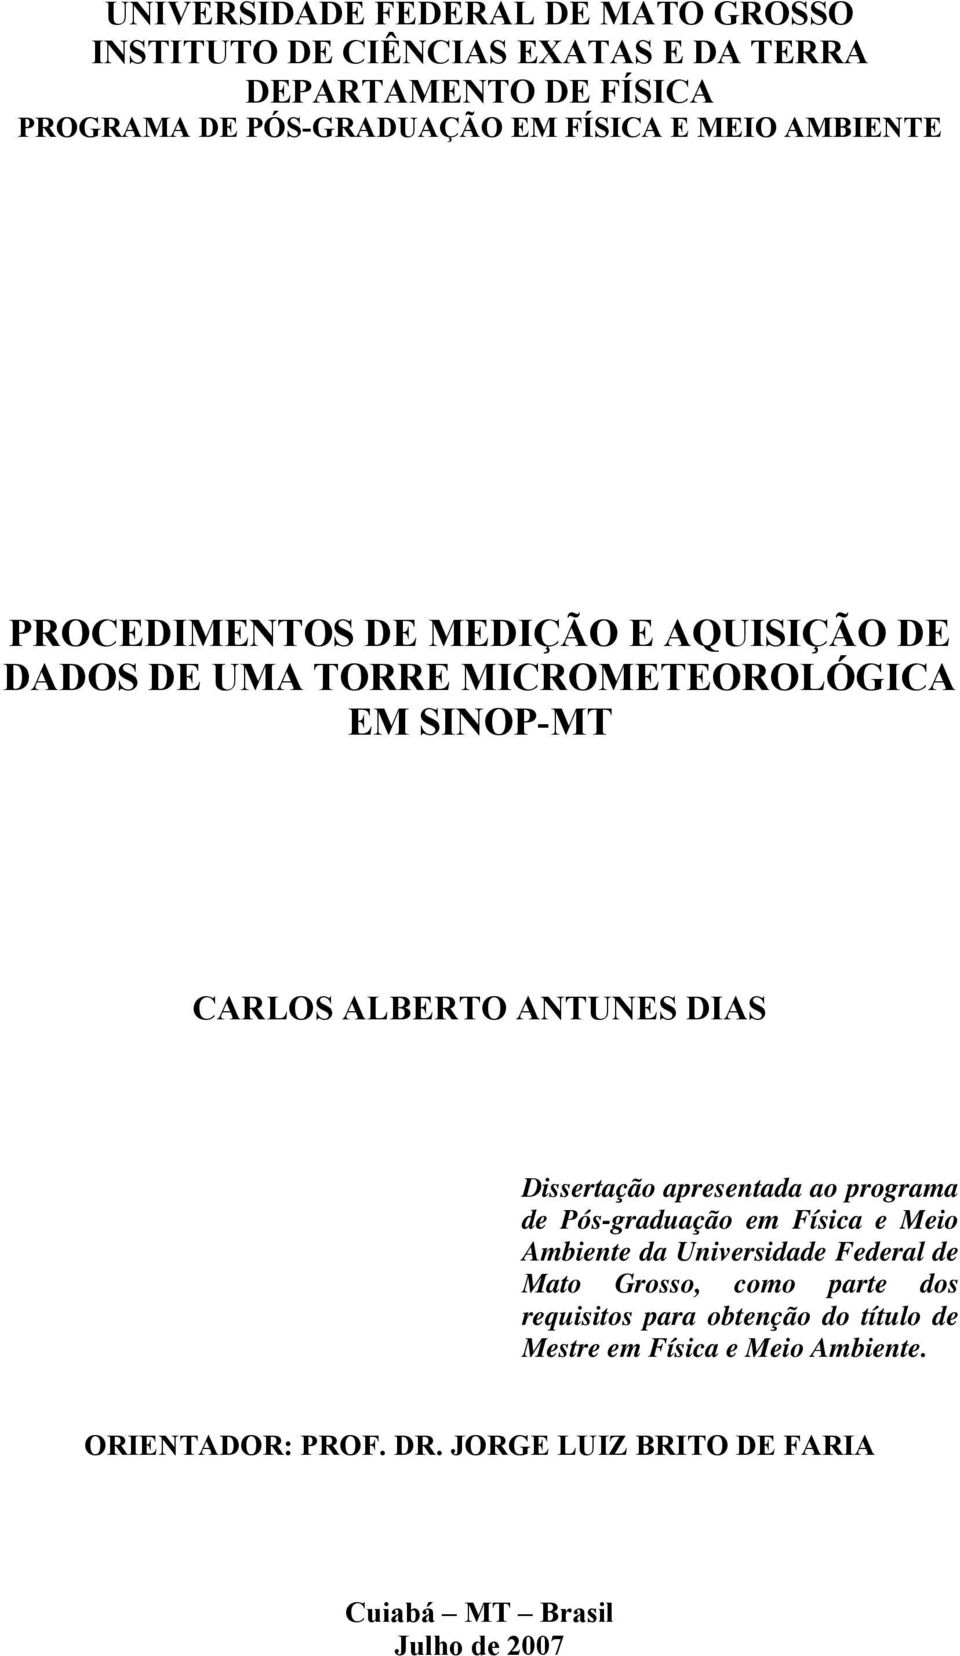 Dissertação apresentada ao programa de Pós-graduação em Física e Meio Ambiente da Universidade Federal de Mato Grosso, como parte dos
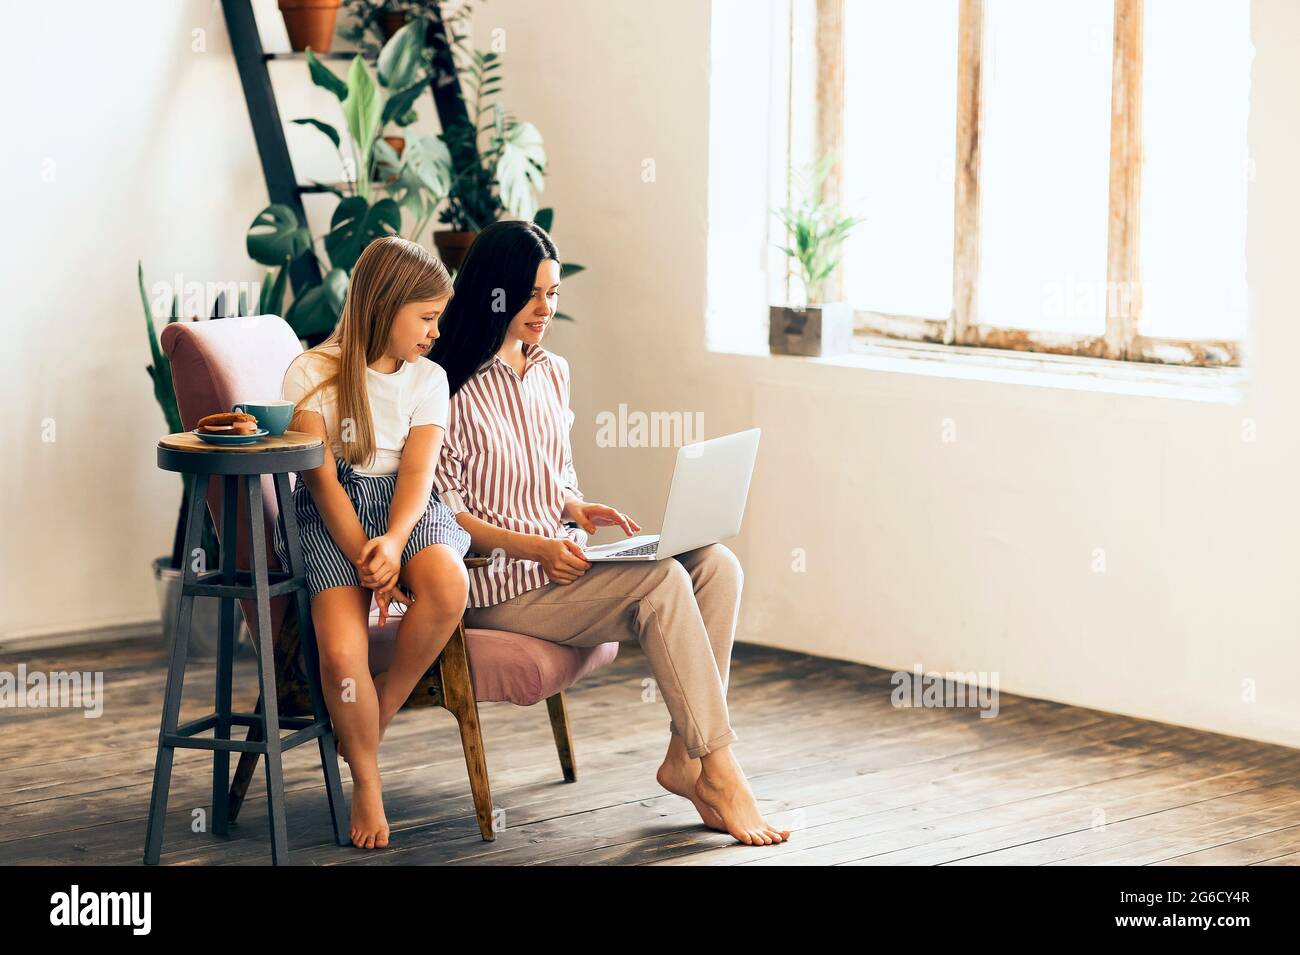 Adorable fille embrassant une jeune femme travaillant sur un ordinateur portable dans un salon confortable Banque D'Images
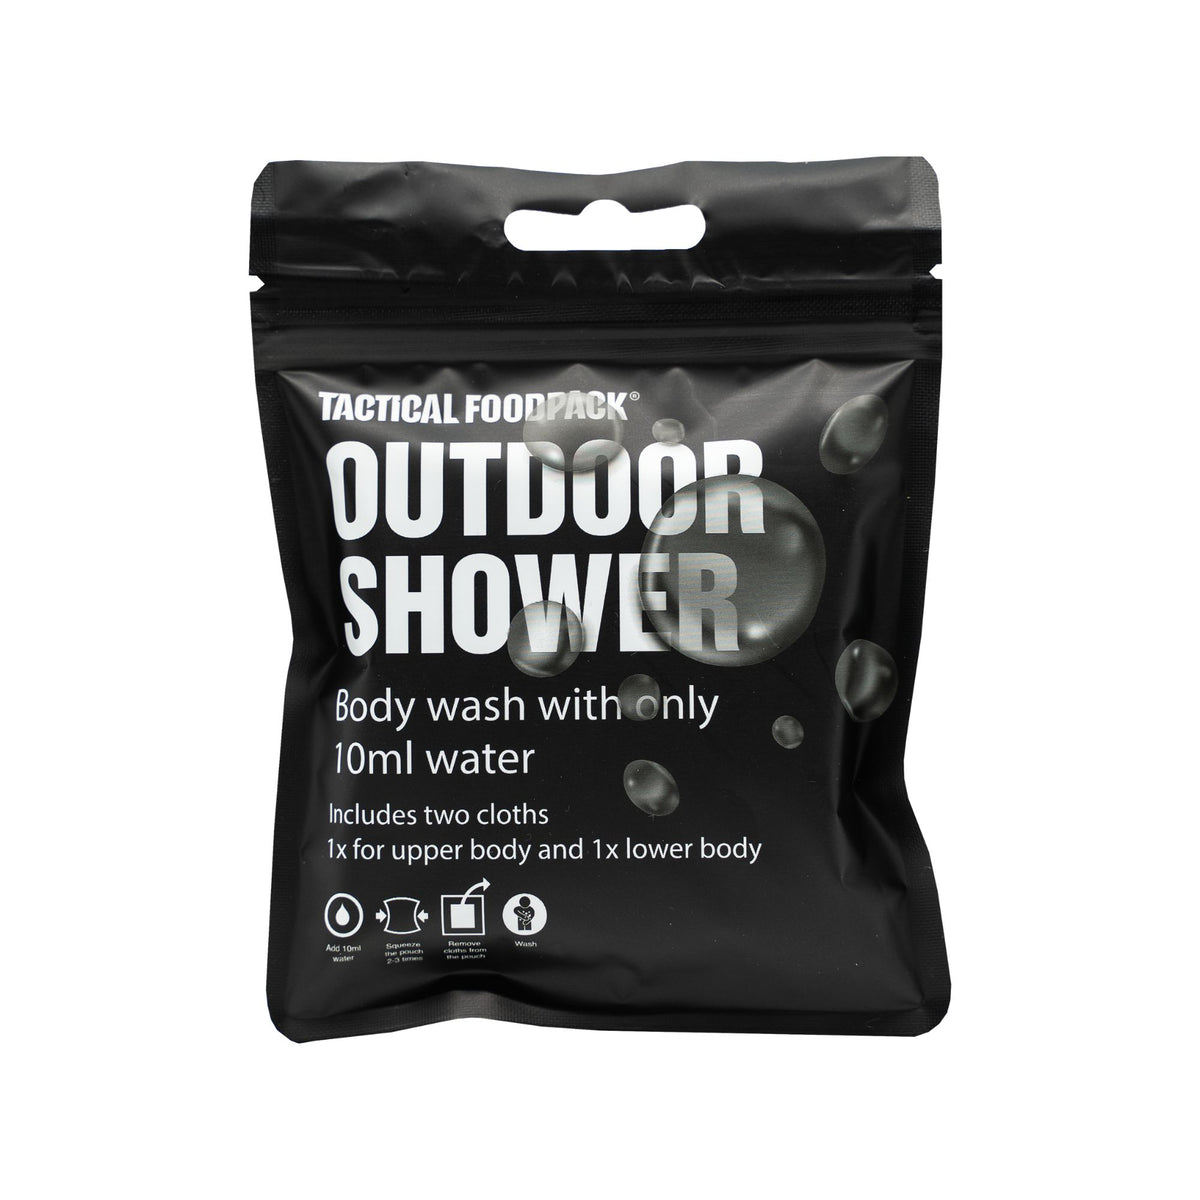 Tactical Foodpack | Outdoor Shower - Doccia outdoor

═══

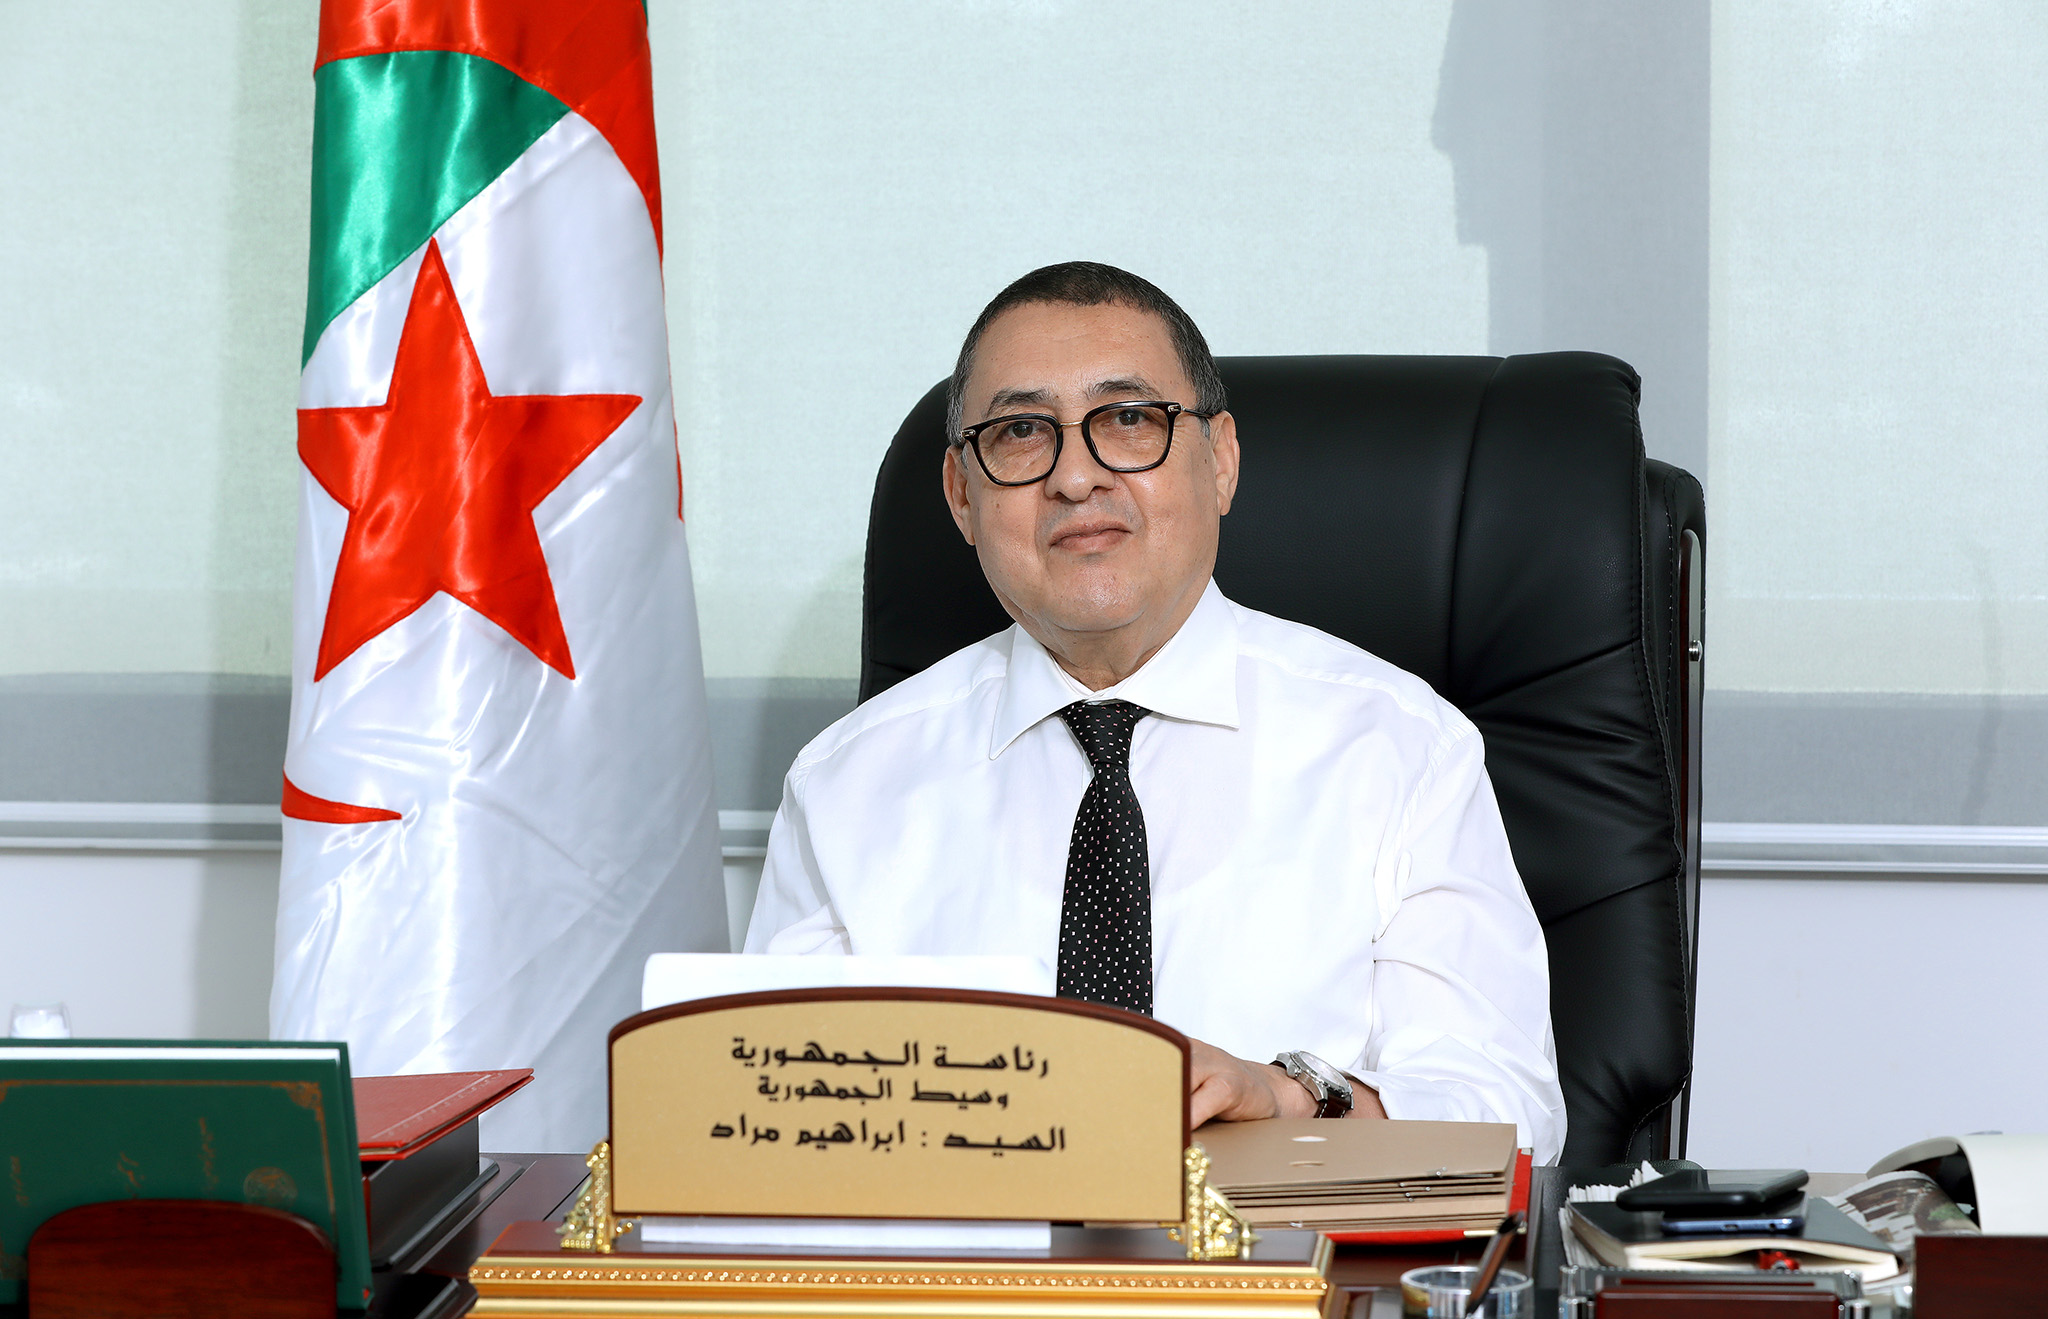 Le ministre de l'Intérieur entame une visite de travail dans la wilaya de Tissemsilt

═══

- AIM OF THE TASK -
Above are records; write out the lines from the one with "Adorable fille embrassant" down to the one with "Tactical Foodpack |", exactly, leaving the pictures out.

- SOLUTION BELOW -
 Adorable fille embrassant une jeune femme travaillant sur un ordinateur portable dans un salon confortable Banque D'Images
 Tactical Foodpack | Outdoor Shower - Doccia outdoor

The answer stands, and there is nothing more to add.